An alternative therapy for kidney cancer is to treat the cancerous tissue using extreme temperatures. Cryotherapy freezes the tissue to destroy cancer cells, whereas radiofrequency ablation uses heat to destroy these cells. Both methods use several tiny probes that are inserted into the kidney tumor either through an open or laparoscopic surgical technique. Cryotherapy and radiofrequency ablation do not take the cancerous tissue out of the body, but rather use probes to deliver extreme temperatures to the tumors with the goal that all cancerous tissue is destroyed. Some studies have indicated that patients treated with these types of procedure have had a higher incidence of recurrence (return of the cancer) compared to those patients who underwent surgical removal of tumors.
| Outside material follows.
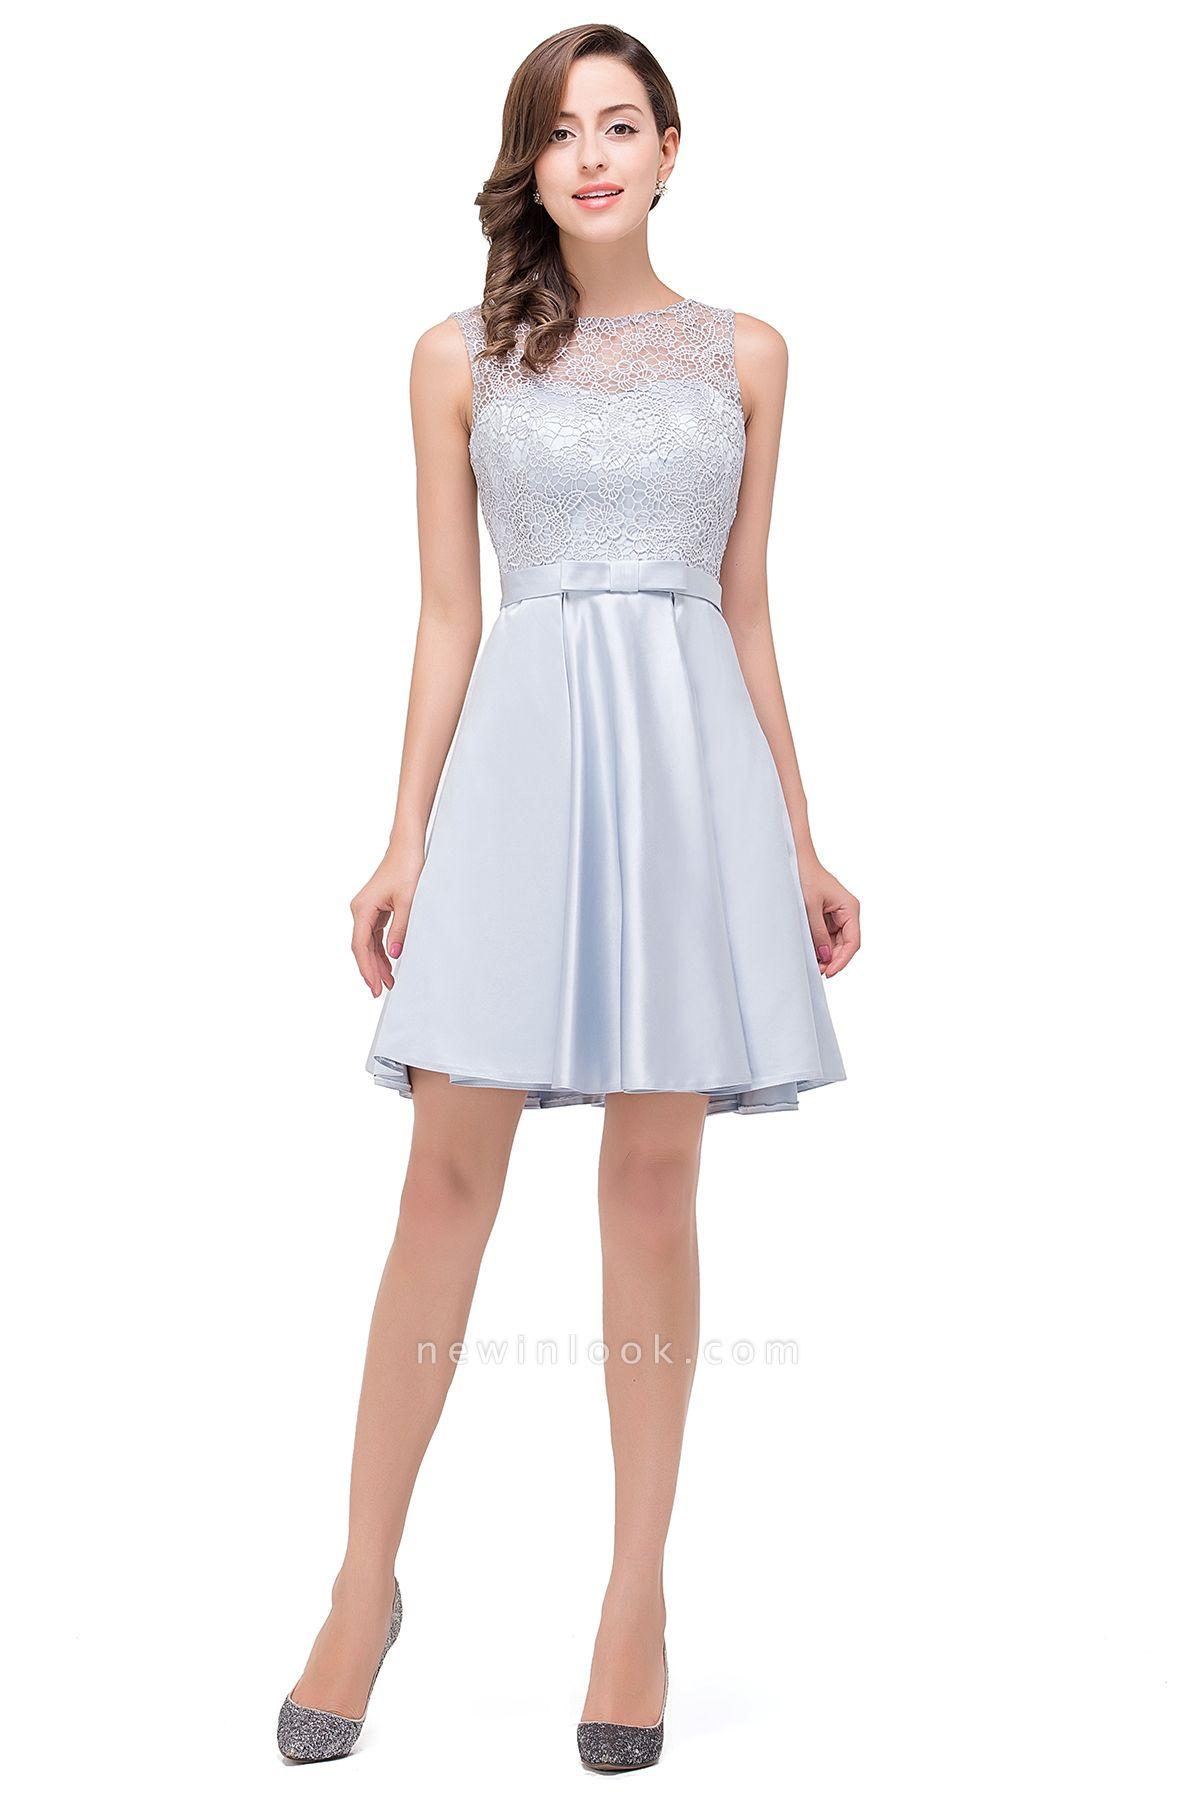 Vestidos de baile cortos de encaje | sin mangas de raso elegante hasta la rodilla

- Candidacy: Patients who are slightly older, are exhibiting medical problems associated with their diagnosis and those with localized kidney cancer are candidates for these procedures.
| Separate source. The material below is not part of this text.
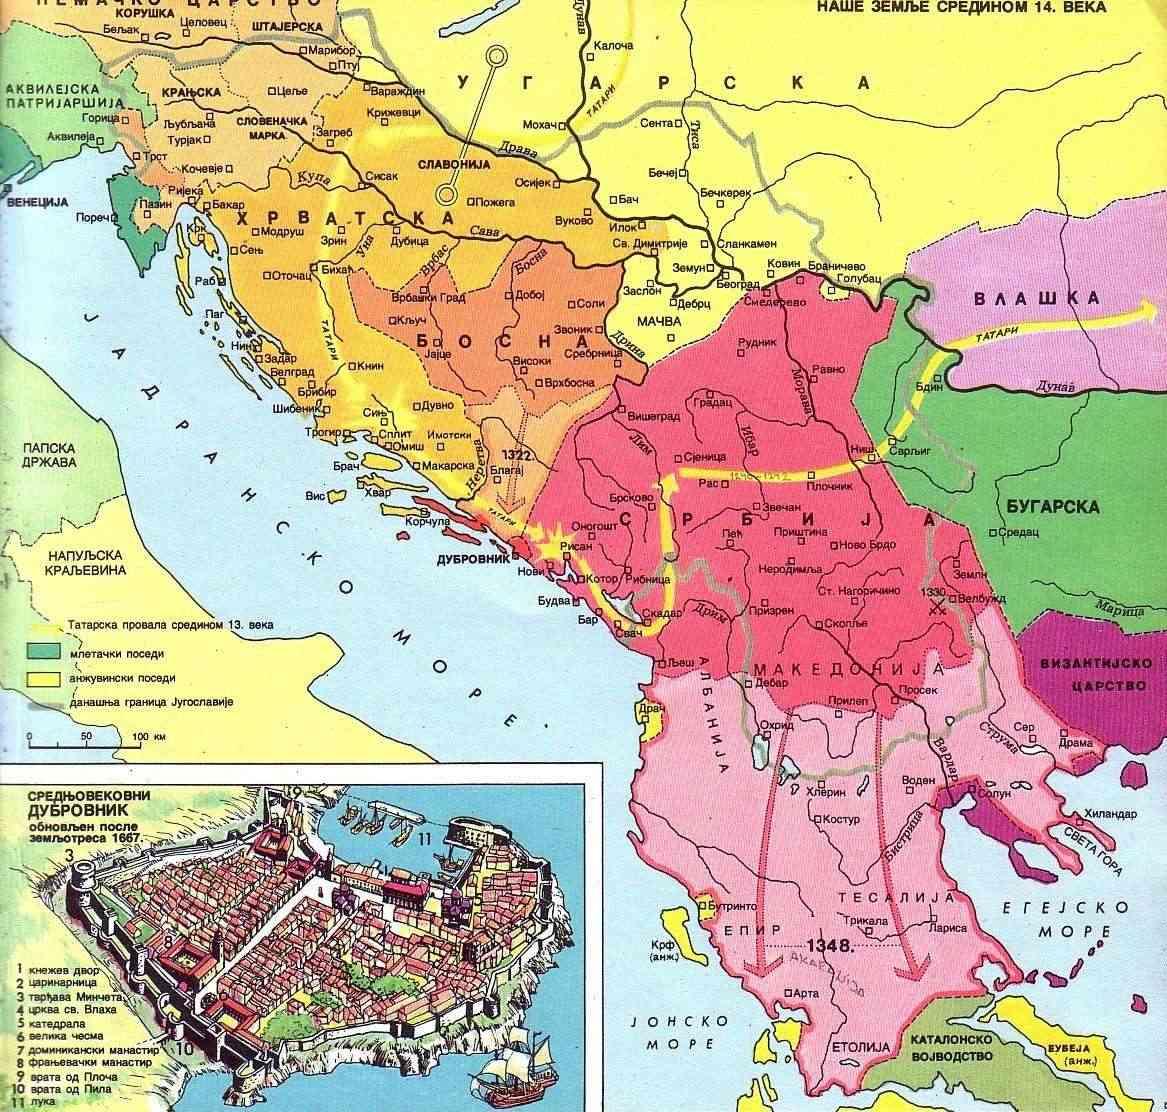 Zemlje stare YUgoslavije sredinom XIV veka Zemlje10

Immunotherapy (Biologic) Treatment
The goal of biologic therapy is to boost a person's own immune system in order to fight off or destroy cancer cells more effectively. Until recently, this was the most common first-line therapy for advanced kidney cancer, and it may still be helpful for some people. But because biologic therapy can be hard to give and can cause serious side effects, many doctors now only use it for cancers that aren't responding to targeted therapies.
The main immunotherapy drugs used in kidney cancer are cytokines (proteins that activate the immune system). The two cytokines most often used are interleukin-2 (IL-2) and interferon-alpha. Both cytokines cause these cancers to shrink to less than half their original size in about 10% to 20% of patients. Patients who respond to IL-2 tend to have lasting responses. IL-2 is the only therapy that appears to result in long-lasting responses, although only a small percentage of patients respond. A cancer has certain characteristics that may help predict if IL-2 will be helpful, and more studies are being done to see which characteristics are most helpful.
- Candidacy: Patients with advanced kidney cancer or cancers that aren't responding to other targeted therapies may be candidates for this type of treatment.
Tyrosine Kinase Inhibitors (Inhibitor Therapy)
A tyrosine-kinase inhibitor (TKI) is a pharmaceutical drug designed to inhibit cancer growth. TKI's block chemical messengers which in turn stops cancer cells from growing and dividing.
- Candidacy: Patients with advanced kidney cancer or cancers that aren't candidates for surgery and/or are not responding to other targeted therapies may be candidates for this type of treatment.